May have seen PM at her best
ABNORMAL NORMAL
Unlike most people, it seems, I am actually in admiration of the Prime Minister I saw during her muchlambasted Tory party conference speech on Wednesday. Theresa May came across as warmer, and, dare I say it, more human than before. I like the PM I saw midweek, better than the robotic one I recall. Yes, she had a nasty cough – not her fault. Yes, there was a pathetic prankster – not her fault. Yes, the Tory slogan started falling off the wall behind her – not her fault. Despite it all, she got through the whole speech.
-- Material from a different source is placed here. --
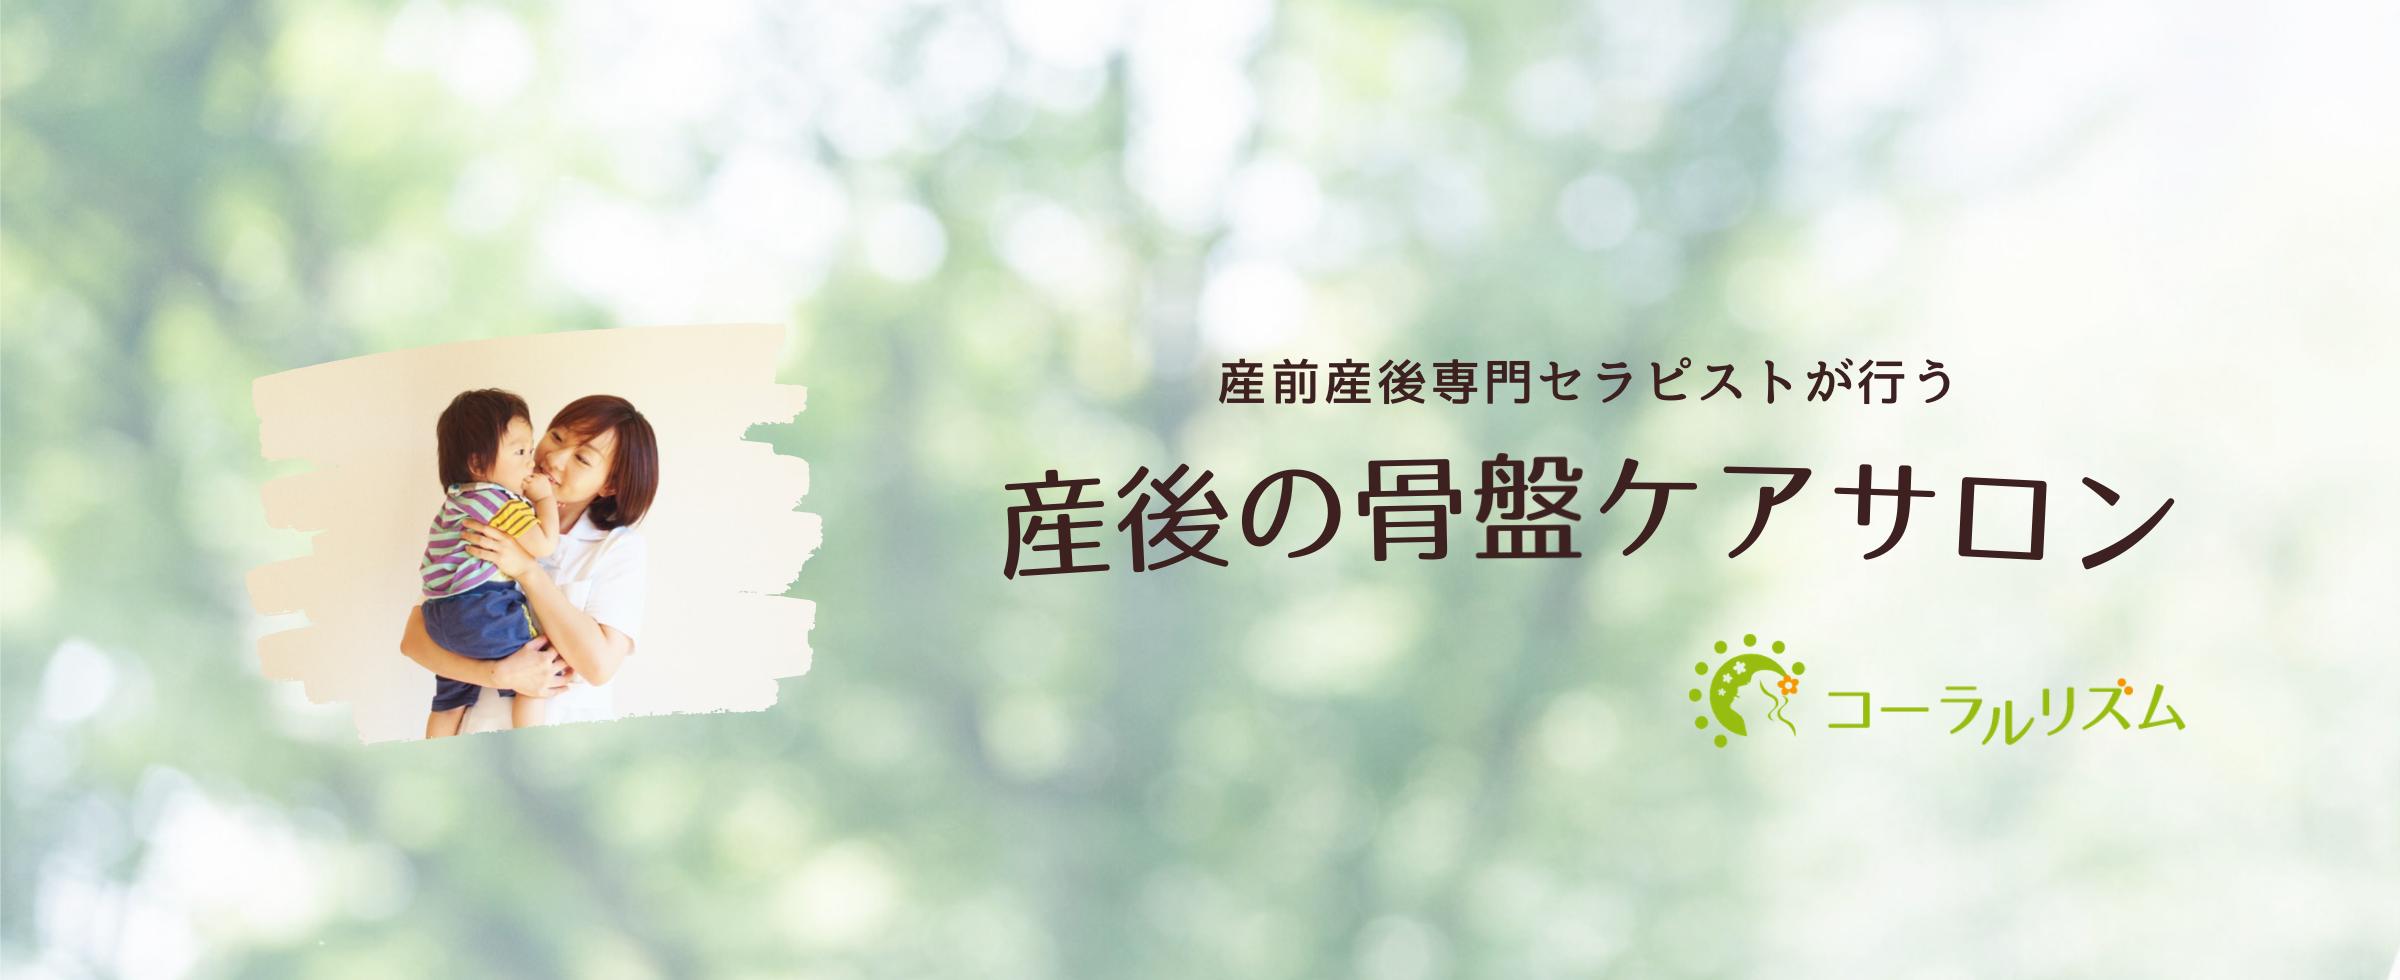 稲沢・一宮・津島・名古屋の骨盤矯正産後の骨盤整体とカラダづくりコーラルリズム

She didn’t panic or fluster, a remarkable achievement, especially as she had a gloating Boris in her eye-line. She ad-libbed, cracked a joke and kept her head while all those around seemed to be losing theirs. Her energy cap policy is a good one, if it gets off the ground, as is her council – rather than social - housing pledge. Yes, she’s diminished within her own party, yes, there’s plenty of self-interested, career-before-country plotting, led by small, puffed-up unlikeables, afoot. But the last thing we need is an internal Government battle when there are so many important things to deal with: Brexit being top of the list. Who would you rather go into battle with, Theresa May? Or Boris? Theresa’s best for the job. I’m still not quite sure what her much-mentioned ‘British Dream’ is though. Jeremy Corbyn as Prime Minister, perhaps? Oh, that’s my dream. Sorry. What is ‘normal’ life for you? Mad morning rush, work, supermarket shop at lunchtime, back home, cook, watch telly, go to bed perhaps? In America, it’s a bit different. Asked to describe Stephen Paddock, the shooter who slaughtered 59 people in Las Vegas on Sunday night, a neighbour said: “He’s a pretty normal kinda guy, visiting all the gun shops in the area, stuff like that.” Aren’t you glad your normal is a little more mundane?